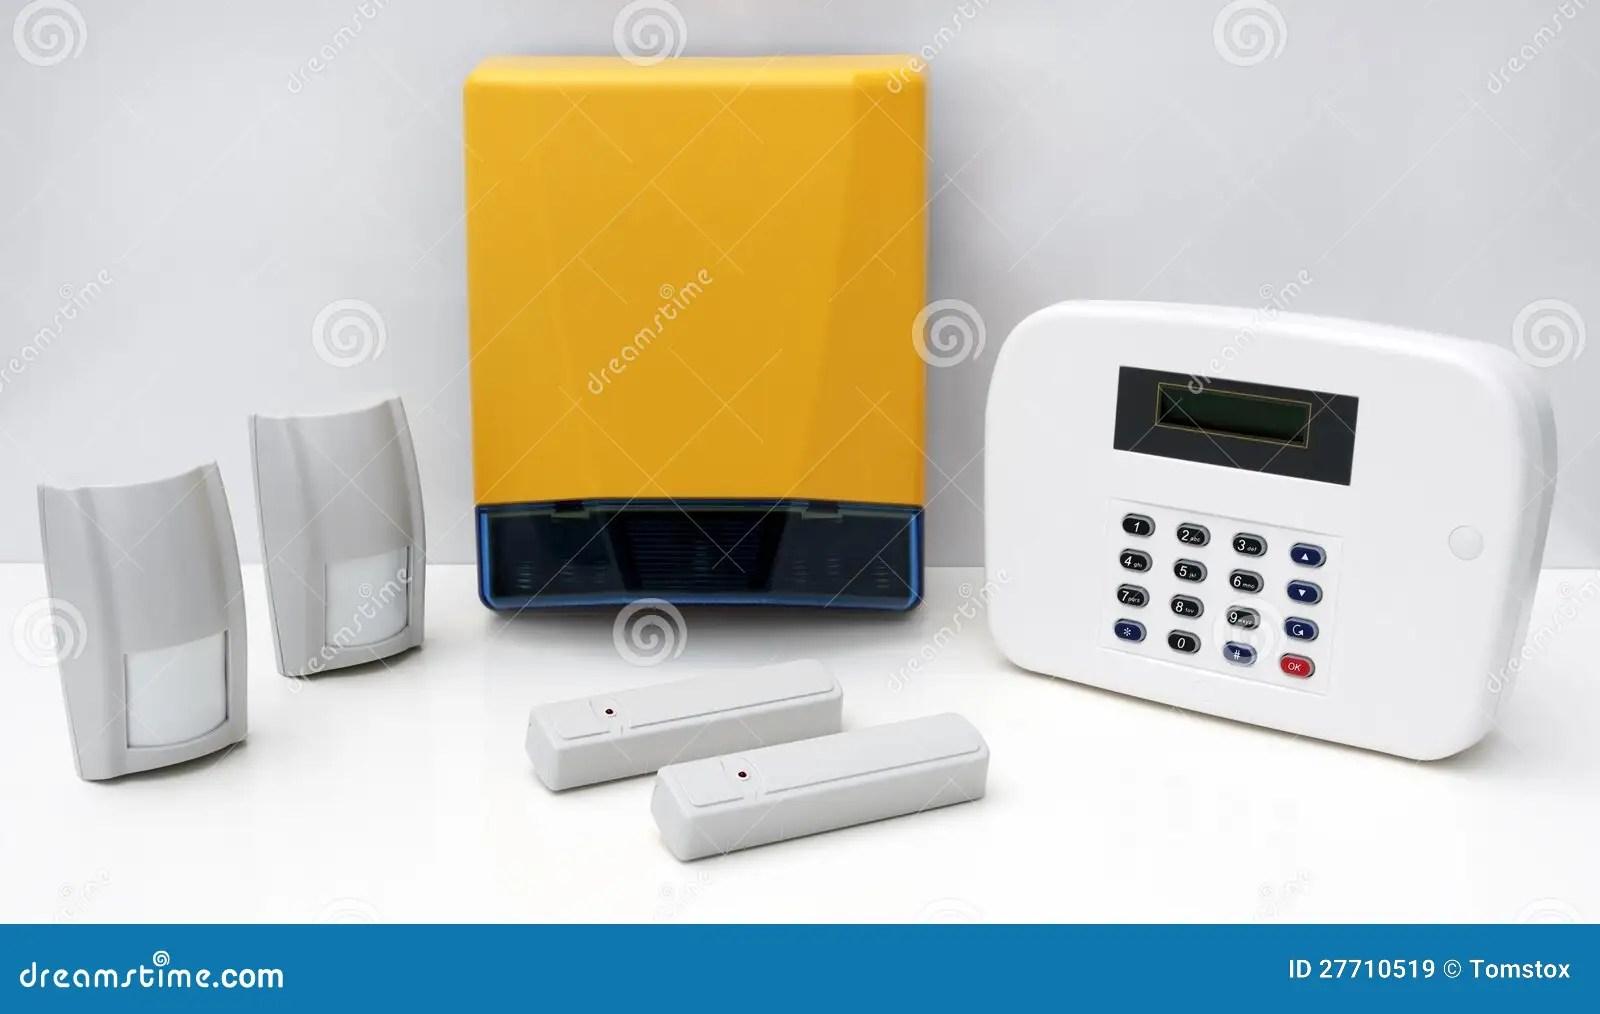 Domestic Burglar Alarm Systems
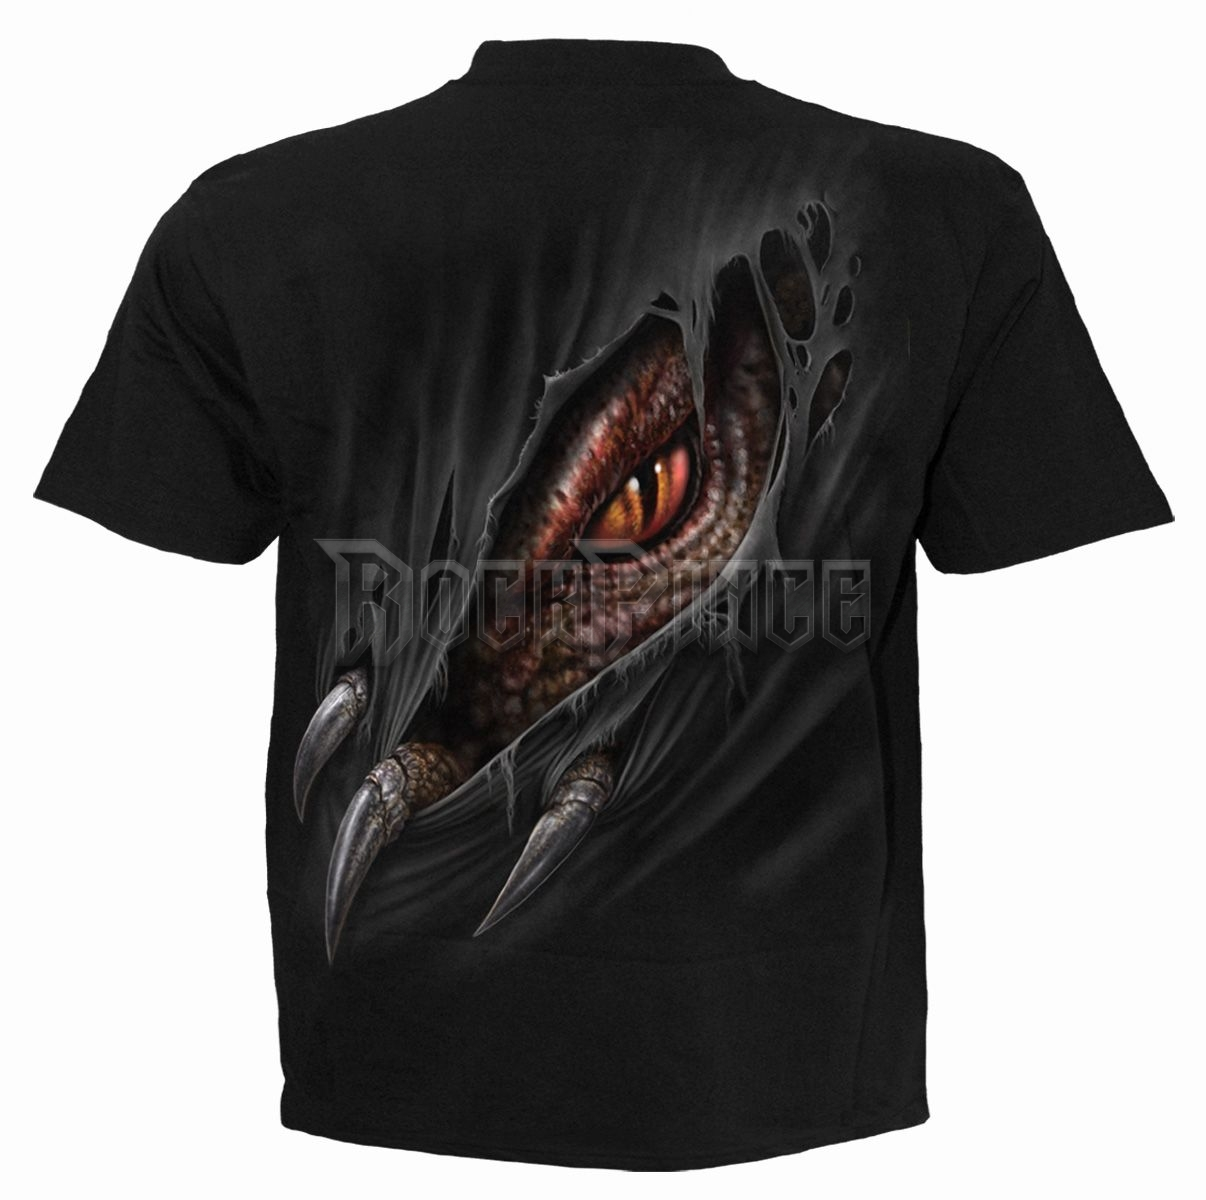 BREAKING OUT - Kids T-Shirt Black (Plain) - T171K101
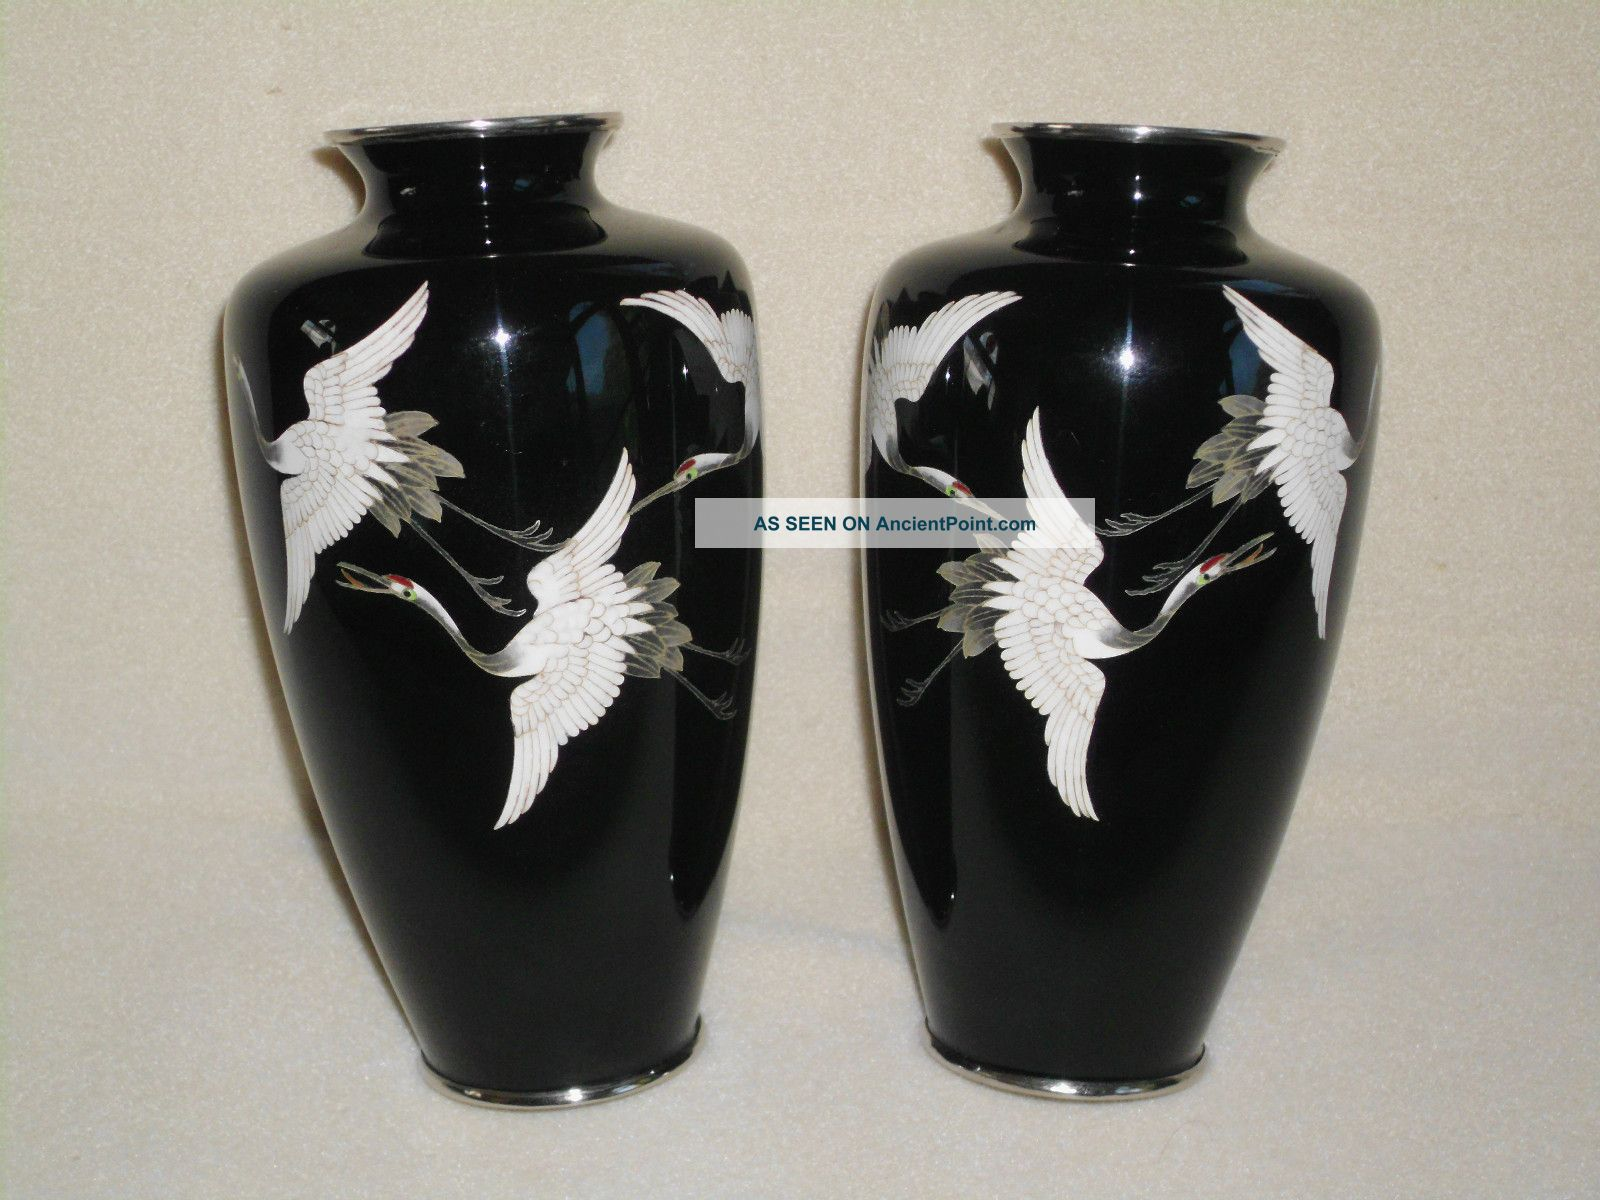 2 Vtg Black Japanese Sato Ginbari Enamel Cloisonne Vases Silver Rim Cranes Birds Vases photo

[Brief]: Copy exactly the lines running from the line with "BREAKING OUT - Kids" to the final line of the listing, keeping both ends and dropping any picture.

[Task answer]:
 BREAKING OUT - Kids T-Shirt Black (Plain) - T171K101
 2 Vtg Black Japanese Sato Ginbari Enamel Cloisonne Vases Silver Rim Cranes Birds Vases photo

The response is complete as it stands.